Club information
- Track address: Gislaved Motorbana (OnePartnerGroup Arena) Gislaved Jönköping County Sweden
- Country: Sweden
- Founded: 1936
- Team manager: Anders Fröjd and Mikael Holmstrand
- Team captain: Vacant
- League: Elitserien
- Website: Official Website

Club facts
- Colours: Black, gold and red
- Track size: 368 metres
- Track record time: 62.2 seconds
- Track record date: 11 June 2024
- Track record holder: Robert Lambert

Major team honours
| Team champions | 2008, 2009, 2024 |
| silver medal | 1971, 1972, 2022 |
| Second Division Champions | 1968, 1974, 1978 |
| Third tier Champions | 1965, 1984, 2000 |

= Lejonen =

Swedish motorcycle speedway team

Lejonen (lit. 'the Lions') is a motorcycle speedway team from Gislaved in Sweden, who compete in the Elitserien. Their home track is at the Gislaved Motorbana or the OnePartnerGroup Arena for sponsorship purposes, which is Sweden's oldest track still in use. The club are three times champions of Sweden.

== History ==
=== 1929 to 1968 ===
In December 1929 Gislaved Motorclub was formed and by 1931 the track was built. The track was originally 6 m wide and 400 m long but in 1936 it was widened to 10 m and during the 1980s the inside edge of the track was moved and the length was reduced to 380 m.

In 1963, Smålands Lejon began racing in Division Three, becoming Lejonen the following season in 1964. During the 1965 Swedish speedway season, the club won their first honours by winning division three A. They were promoted to division 2 and finished 2nd in 1966 and 1967 before winning division 2 in 1968.

=== 1969 to 1982 ===
The club made their debut in the top flight in 1969, finishing 4th.

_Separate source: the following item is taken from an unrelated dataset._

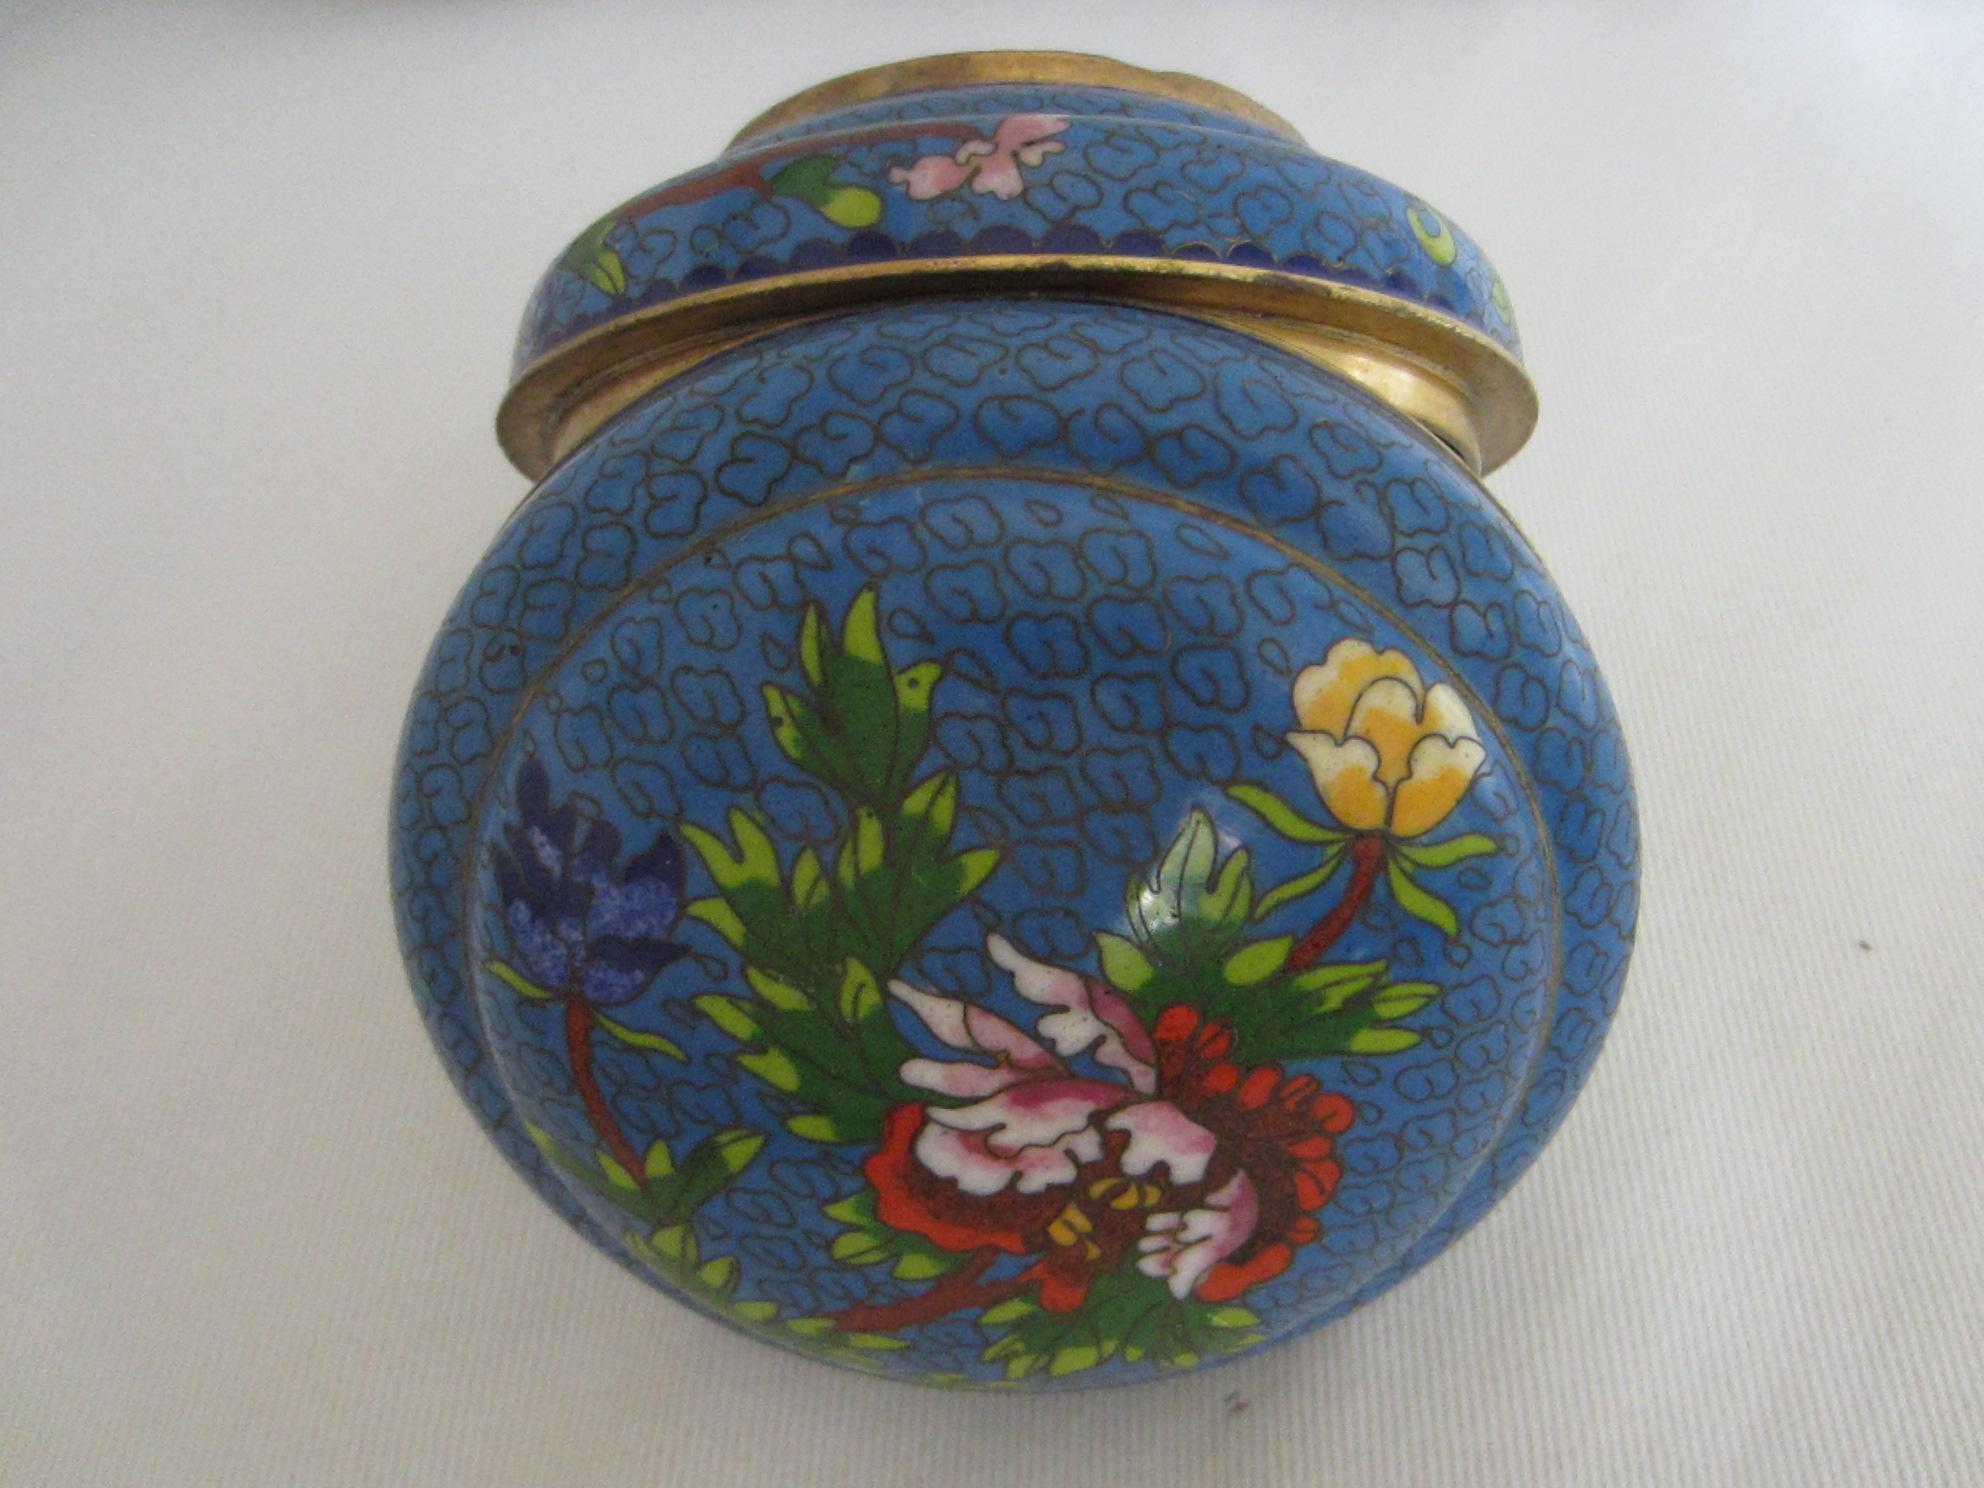 asian blue cloisonne round covered box for sale antiques. Black Bedroom Furniture Sets. Home Design Ideas

During the 1971 Swedish speedway season and 1972 Swedish speedway season, the club, led by Jan Simensen, Bo Josefsson and Therje Henriksson finished 2nd and won the silver medal. For the next decade the club found themselves bouncing between the first and second divisions.

=== 1982 to 1989 ===
With the introduction of the Elitserien in 1982, the club were relegated that season and dropped two divisions. Although they gained promotion back to the second tier they struggled to make any challenge in the division and at the end of 1989 the club stopped racing.

=== 1998 to 2010 ===
The team returned for the 1998 Swedish speedway season They won promotion in 2000 to the Allsvenskan and then seven years later, in 2007 won the Allsvenskan defeating Valsarna in the play-off final to gain promotion to the Elitserien for 2008.

During the winter of 2007-08 the track underwent major changes to accommodate Elitserien racing and the club announced the signing of Nicki Pedersen, the 2007 World Champion.

The club became champions of Sweden for two successive years in 2008 and 2009 after they won the Swedish Speedway Team Championship. Pedersen, Chris Holder, David Ruud, Mikael Max and were instrumental in bringing the success to the club.

=== 2011 to present ===
The club were relegated and declared bankrupt in 2011 and dropped to division 1 (the third tier). They slowly recovered to win the Allsvenskan in 2014 and in 2022 won the Elitserien silver medal.

In 2024, the club became champions of Sweden for the third time after winning the Elitserien during the 2024 Swedish speedway season.

== Smålänningarna and Team Dalej ==
Smålänningarna compete in the Allsvenskan and Team Dalej compete in the third tier (division 1), they are a collaboration between Dackarna and Lejonen allowing less senior riders the opportunity to race. The collaboration started in 2020 and the Smålänningarna name came from and old team that had riders from Småland.